Over 5 years, Company B will have to spend $5.4M to replace churned customers and stay at flatline, before they spend a penny on acquiring new customers that will grow their user base.

It’s unreasonable to think that spending half of your yearly revenue to refill your customer base and get back to flatline is sustainable for long-term growth.

Shift your thinking from short-term to long-term

You can make important changes to your growth strategy by simply changing your mindset. Short-term “growth-hacks” that prioritize aggressive acquisition aren't sustainable over time. Eventually, your acquisition channels will dry up and those customers that aren't a great fit will churn.

Long-term growth goals involve acquiring customers who have genuine interest in and need for your product. You need to figure out what they're willing to pay and create a value-metric to ensure they’re satisfied and you’re not leaving any money on the table.
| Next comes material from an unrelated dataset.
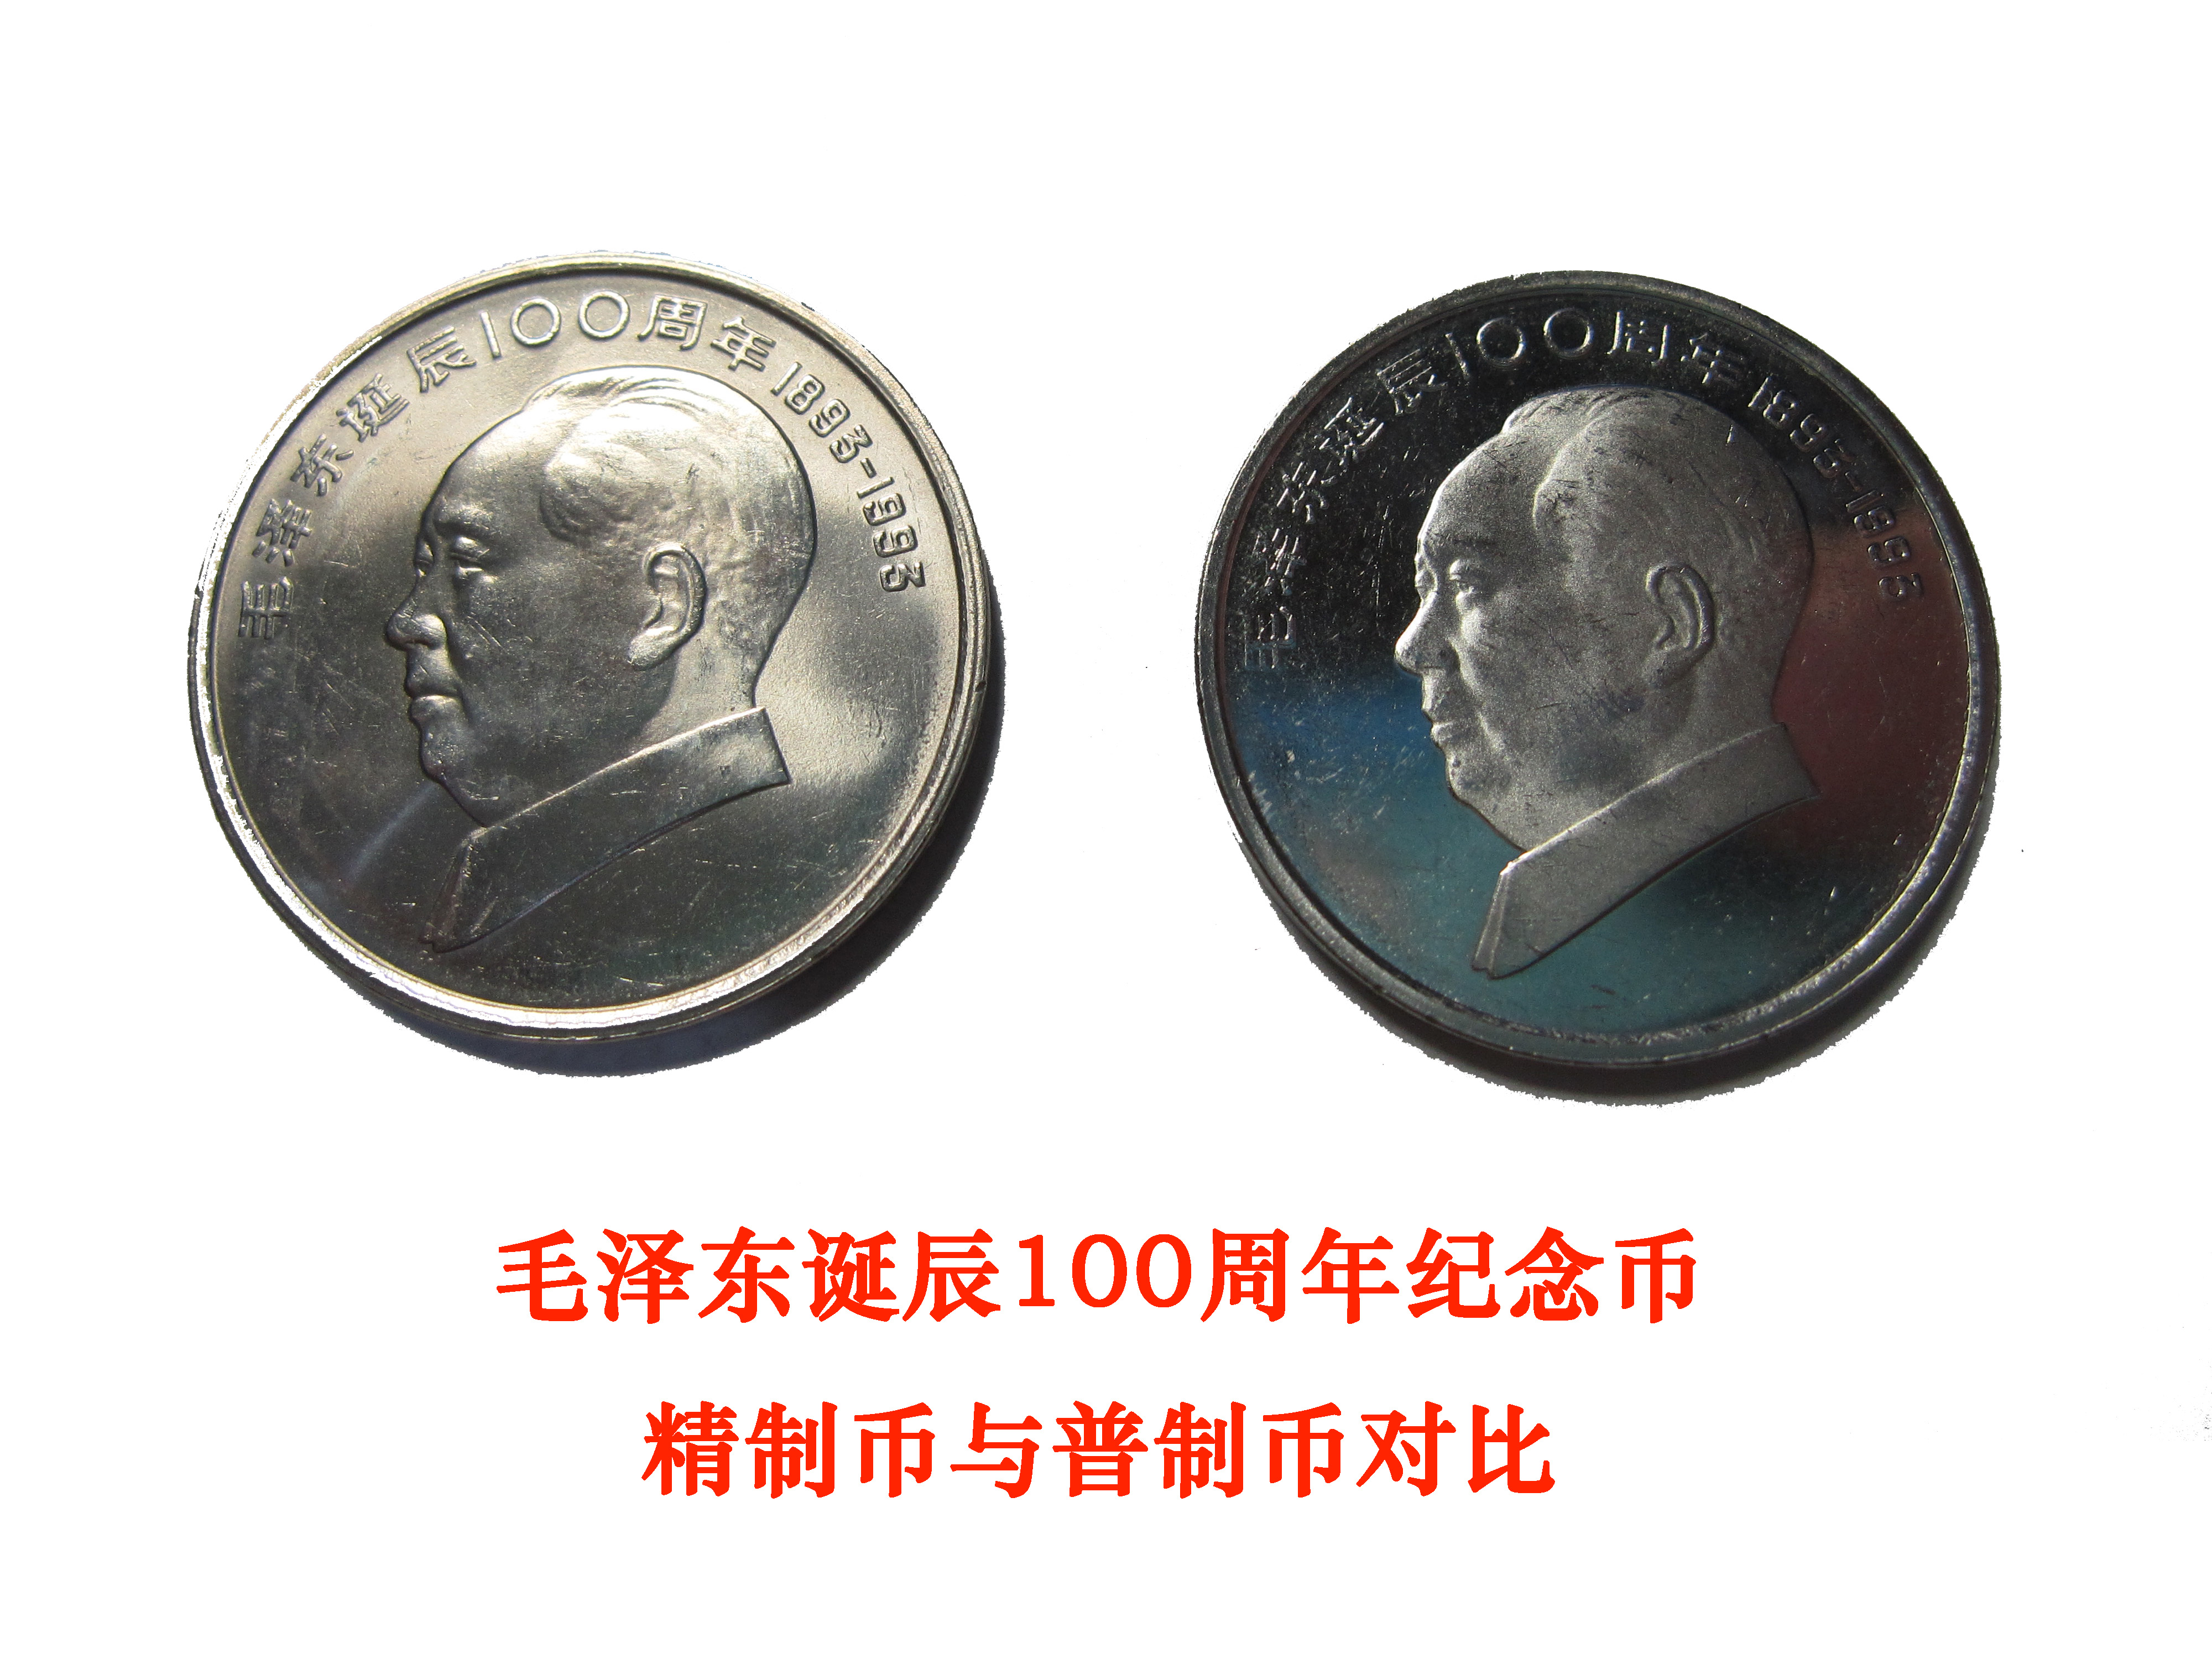 毛澤東紀念幣精製幣與普制幣對比

SaaS teams looking for actionable ways to stop churn and plan for long-term success should consider:

  • What factors about your customers correlate with churn? Small companies tend to be bigger churn risks than larger companies because they may run out of resources more quickly or go out of business. Figure out the shared characteristics of customers who tend to churn more than others and focus less on acquiring those customers.
  • What features do customers with high lifetime value engage with the most? Figure out what keeps your ideal customers coming back. If it’s a feature, emphasize it during onboarding.
  • Why did customers churn? Reach out to churned customers and personally ask them why they left. You may find ways that you can improve the product, the customer experience, or the pricing that you wouldn't have thought about otherwise.
  • Can you create less opportunities to churn? Customers with higher ARPU are less likely to churn—so by growing customers' accounts through up-selling and cross-selling, you're both increasing revenue and aiding long-term churn reduction. A higher percentage of annual plans is also correlated with lower gross churn rate.

Pull together the information you learn from talking to your customers and look for patterns in your data. Use what you learn to focus your acquisition tactics on focus your efforts on customers who find the most value in the product and are willing to pay because they’ll have the highest lifetime value.

Use your findings to shape your retention strategies, too: understand what customers really want and make sure they're getting this value from day one, and look for ways to up-sell them and deliver more value over time.

Fixing your churn problem puts money back in your bank account

In five years, you don't have to be worrying about where you'll get several million dollars to replace your churned customers. You can pre-empt and prevent that problem by making customer retention a top priority.

Devote the money that you'll save in CAC to grow your business in more productive ways that fixing preventable churn.